Why your knowledge graph isn't helping your RAG

We came within a day of publishing the fashionable conclusion. We had built graph-augmented retrieval over a real industrial corpus, in the lineage of the published systems marrying entity graphs to personalized PageRank, and run five honest evaluations against plain vector retrieval. The graph tied every one. Half the industry has quietly decided GraphRAG is hype, and our data appeared to agree. We audited the system and found the published architecture carries assumptions no enterprise corpus satisfies.
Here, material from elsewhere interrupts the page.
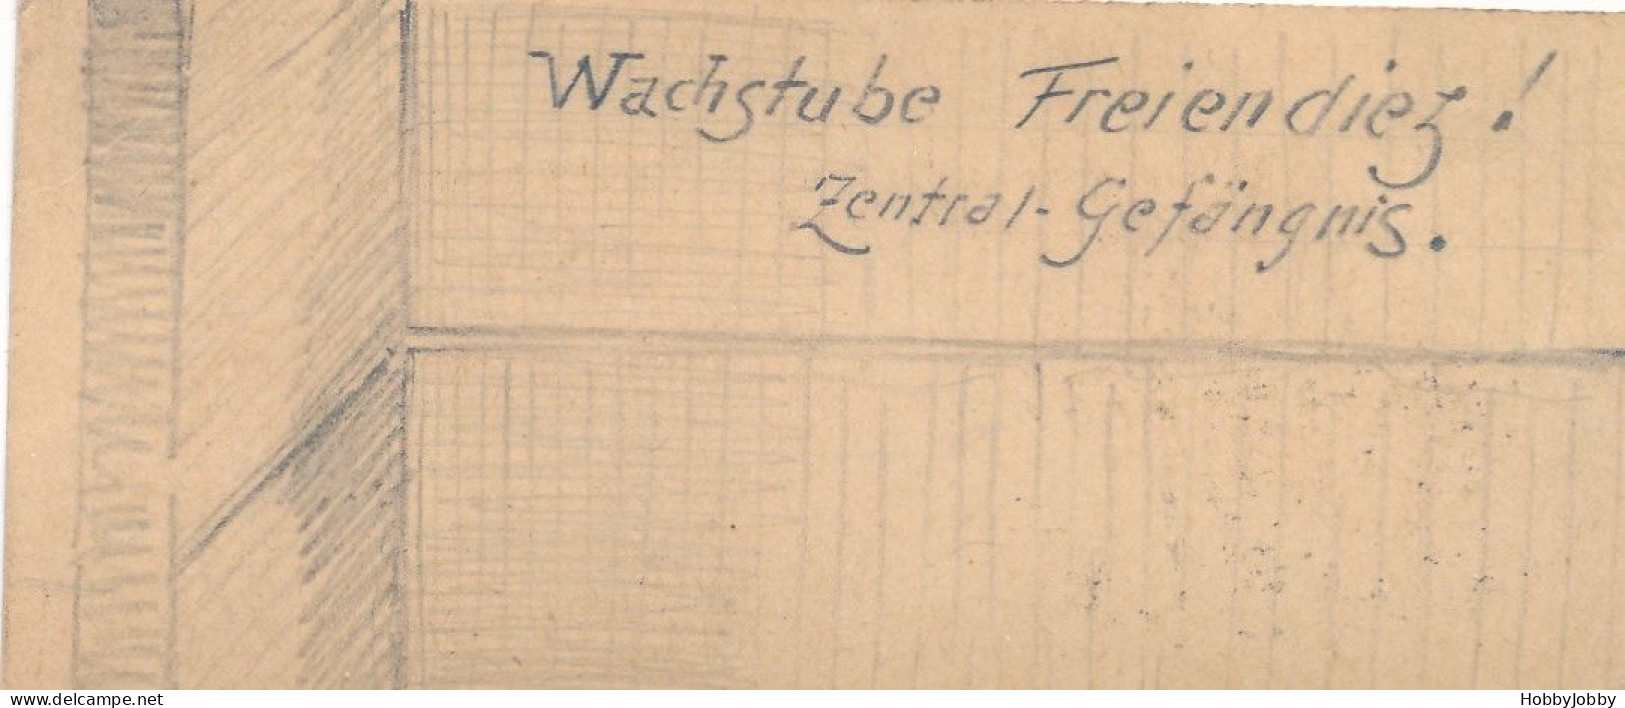 2 Stück I. WK Handgezeichnet-Bleistift:Wach-Stube Kaiser-Wilhelm-Kaserne + Wachstube-Freiendiez! Zentral Gefägnis. - Barracks

The assumptions come from the benchmarks. The published systems are validated on multi-hop question sets distilled from Wikipedia, which quietly pre-solves the hardest sub-problem in the pipeline: deciding which mentions refer to the same thing. Its entities arrive canonicalized, one page per thing, described in clean prose, almost never in tables. An enterprise corpus is the inverse: scanned documents, OCR noise, decades of vendor phrasings for the same part or policy, and the densest facts in tables. Port the architecture and you port the assumption that disambiguation is nearly free. That assumption fails first.
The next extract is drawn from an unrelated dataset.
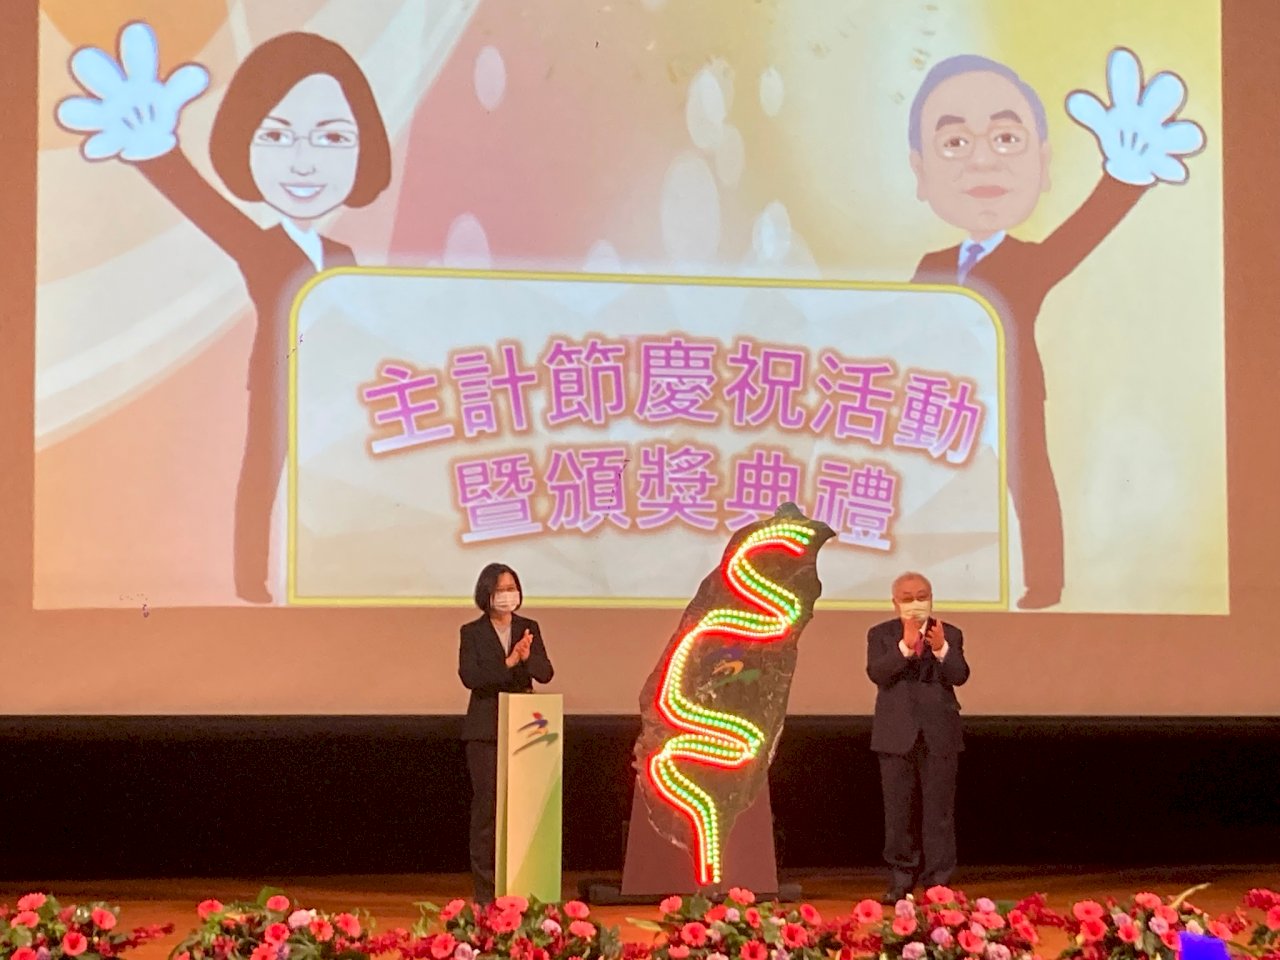 차이 총통, 통계기관이 재정 양호에 도움됐다며 다수 국제신용평가기관들이 타이완에 긍정적 평가를 했다고 치하

The default resolver, the one extraction pipelines ship out of the box and we inherited like everyone does, merges any two mentions that share an alias, transitively. On a real corpus that rule chains hundreds of distinct entities into one node, because generic aliases bridge everything; the clustering literature has called this single-linkage chaining for fifty years, and a model emitting aliases generously industrializes it. The harder discovery was the case no rule can fix: two legally distinct but affiliated companies shared most of their surface forms, and that they must stay separate is tribal knowledge: obvious to any employee, present nowhere in the text. Cosine similarity cannot rescue this, because real-corpus embeddings sit in a band so compressed that no threshold separates synonym from coincidence; at ours, two different people’s first names cleared the merge bar. What discriminated, embedding a model-written definition of each term with a model gating every merge, is expensive and still partial. The literature treats entity resolution as a preprocessing detail.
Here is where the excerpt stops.